Task requirements:
Each line in the data must be reproduced as written, except for any picture.

Supplied data:
+++

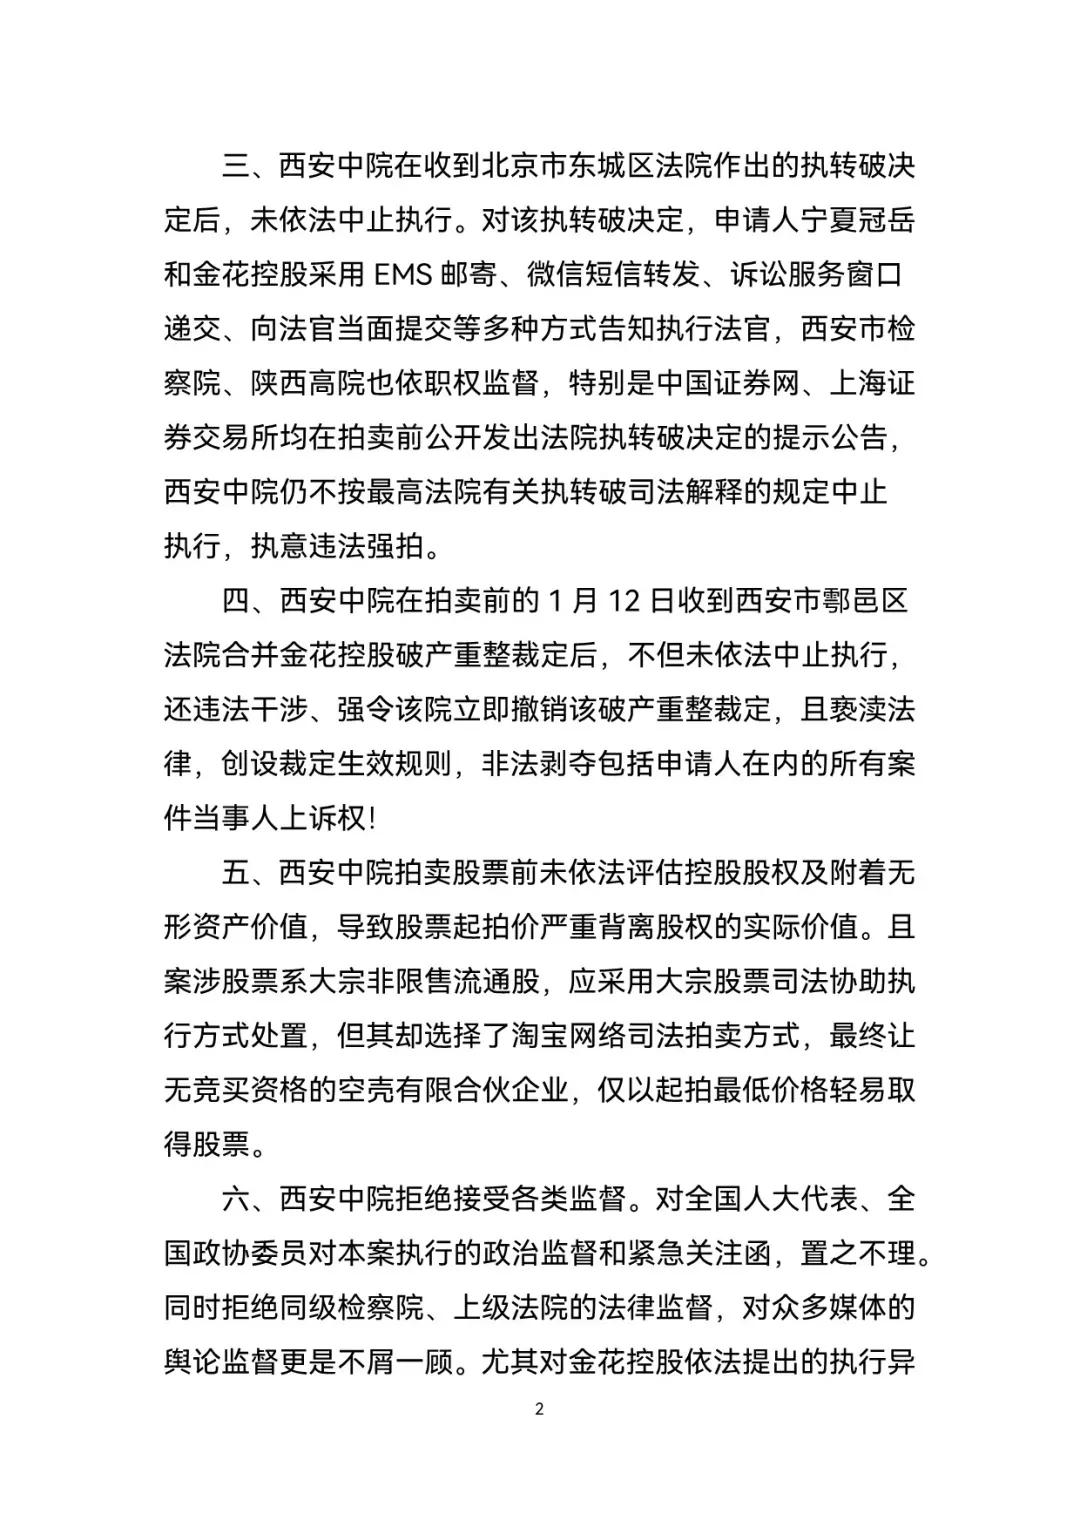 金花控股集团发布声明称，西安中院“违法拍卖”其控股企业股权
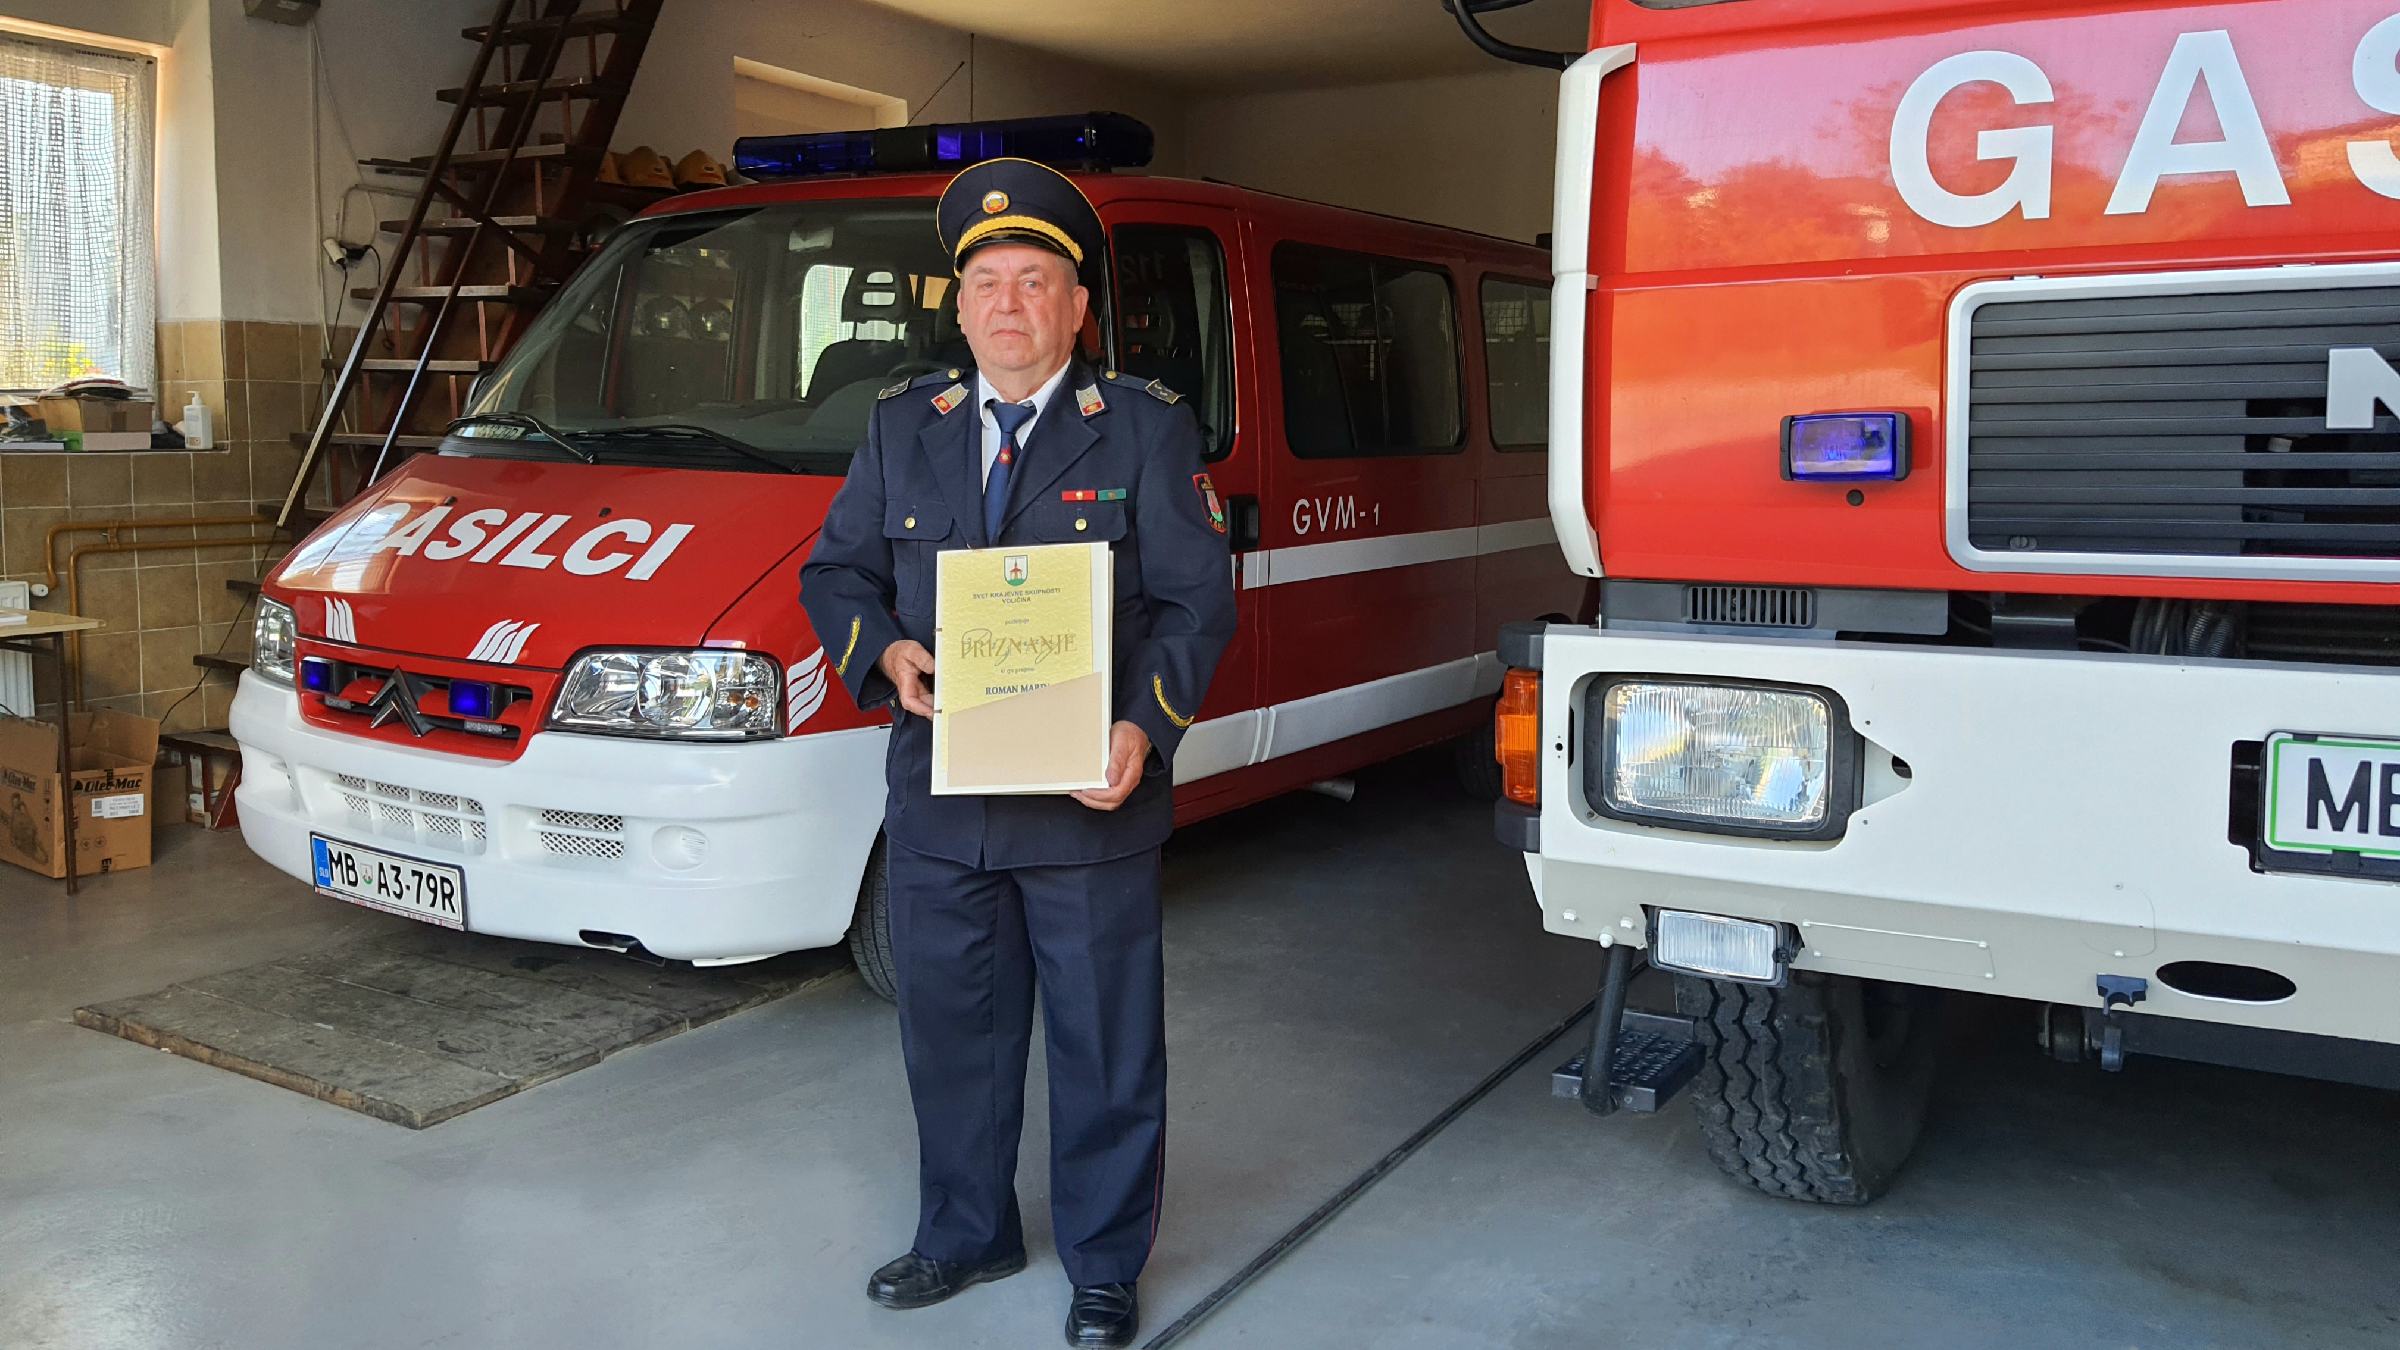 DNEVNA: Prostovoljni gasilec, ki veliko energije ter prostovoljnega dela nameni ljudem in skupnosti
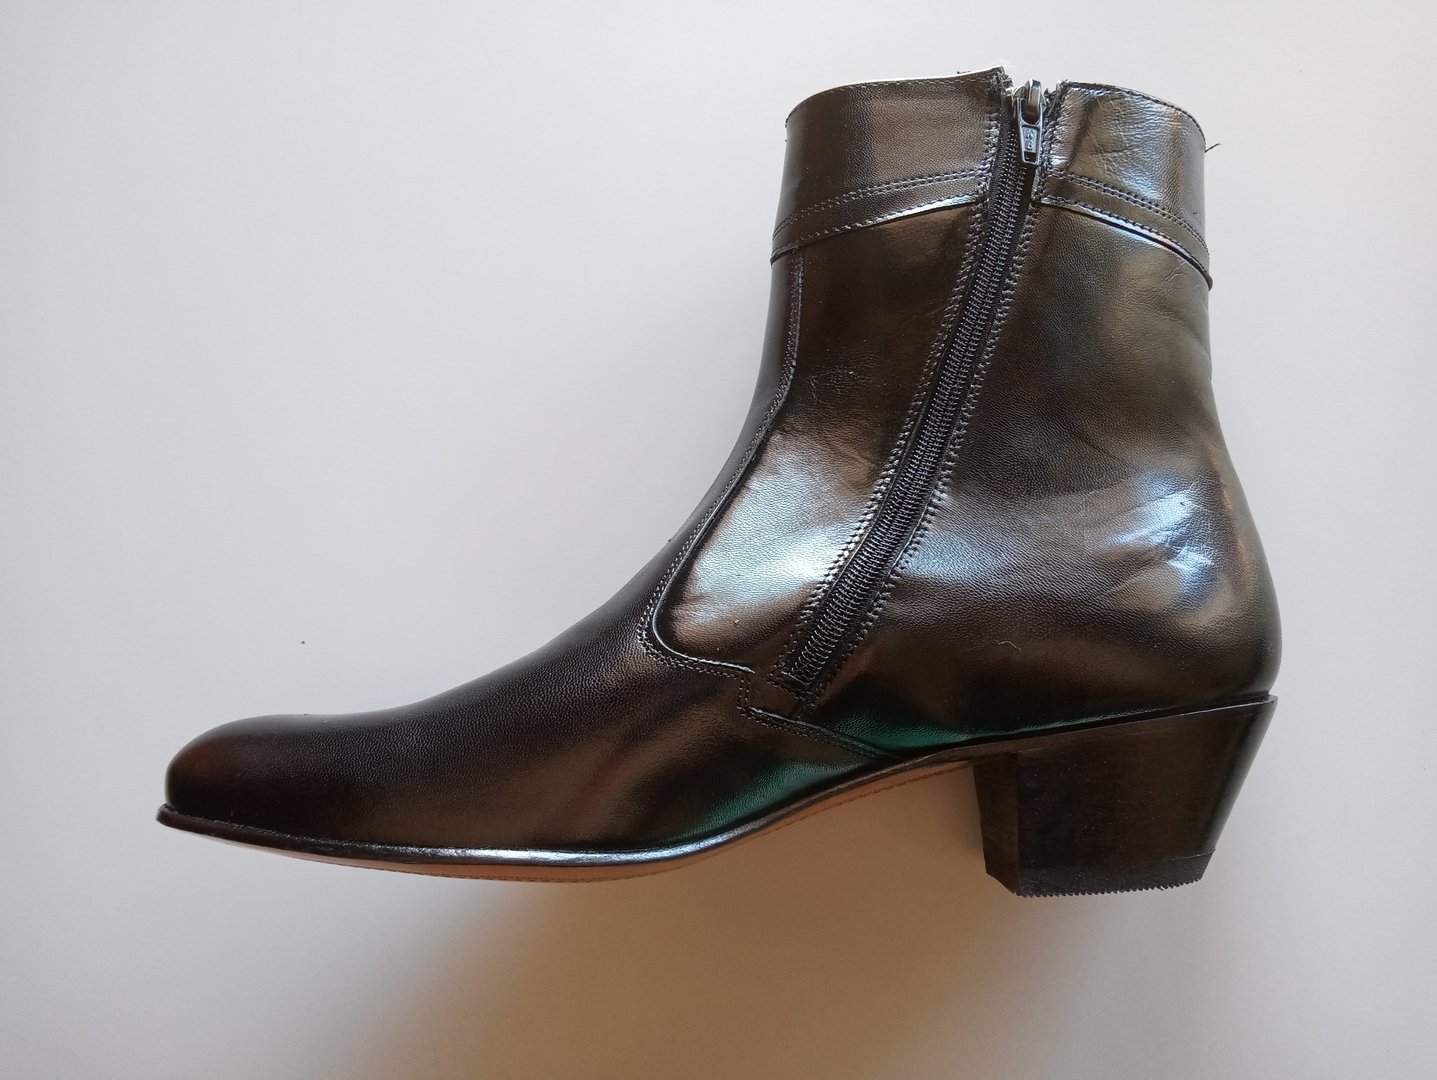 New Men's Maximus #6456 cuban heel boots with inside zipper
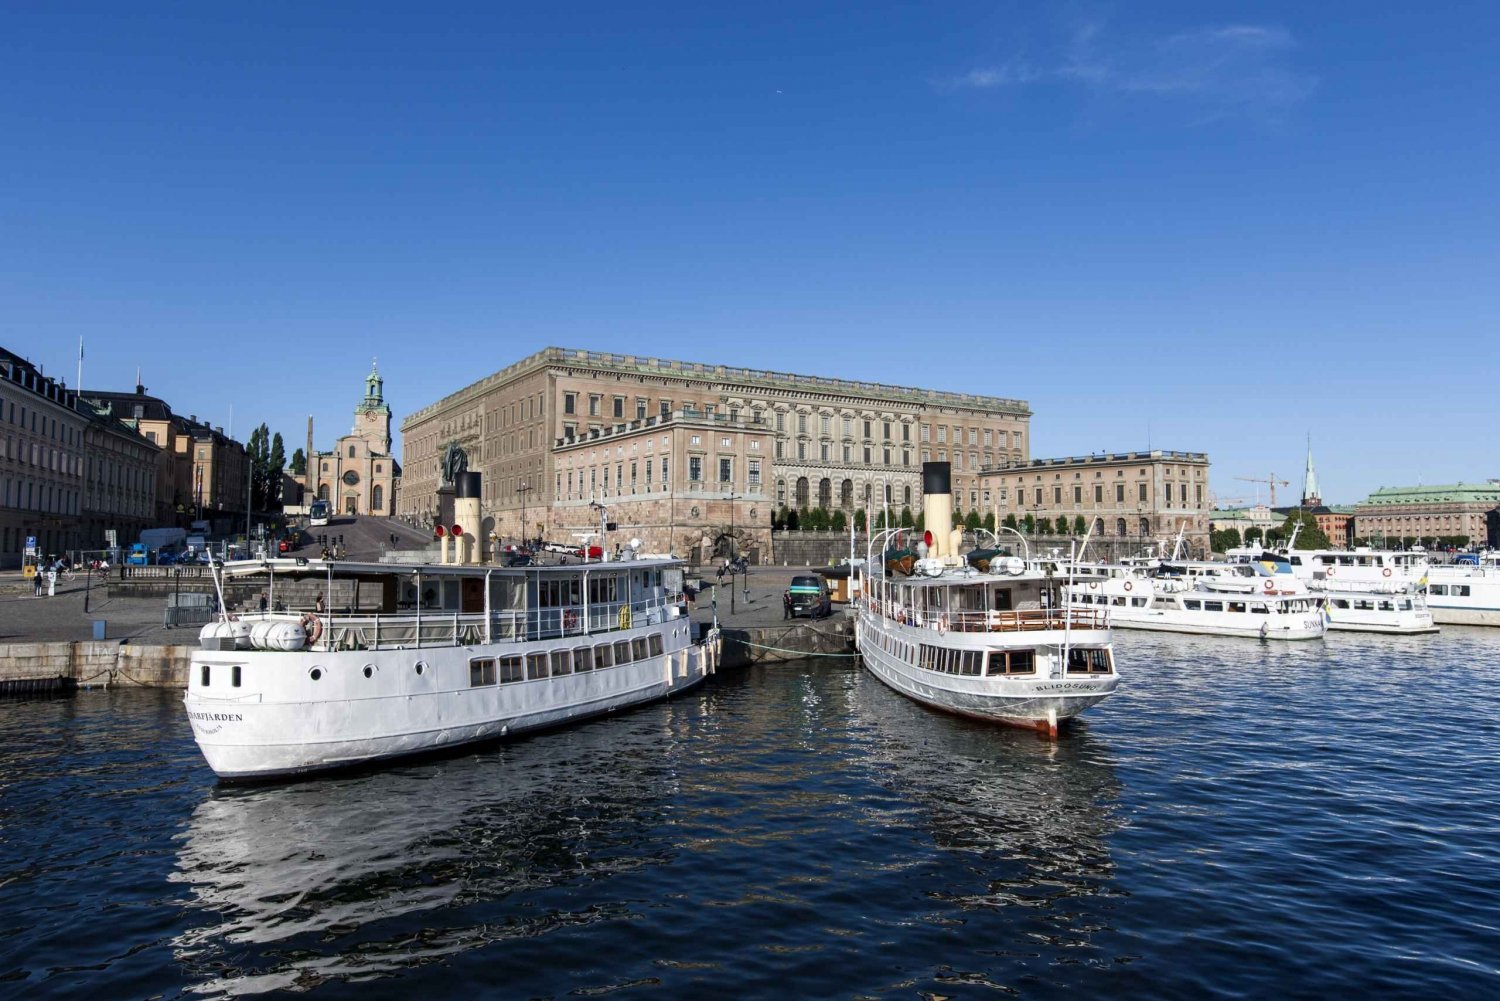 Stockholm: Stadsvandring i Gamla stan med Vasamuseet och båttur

+++

Exercise response:
 金花控股集团发布声明称，西安中院“违法拍卖”其控股企业股权
 DNEVNA: Prostovoljni gasilec, ki veliko energije ter prostovoljnega dela nameni ljudem in skupnosti
 New Men's Maximus #6456 cuban heel boots with inside zipper
 Stockholm: Stadsvandring i Gamla stan med Vasamuseet och båttur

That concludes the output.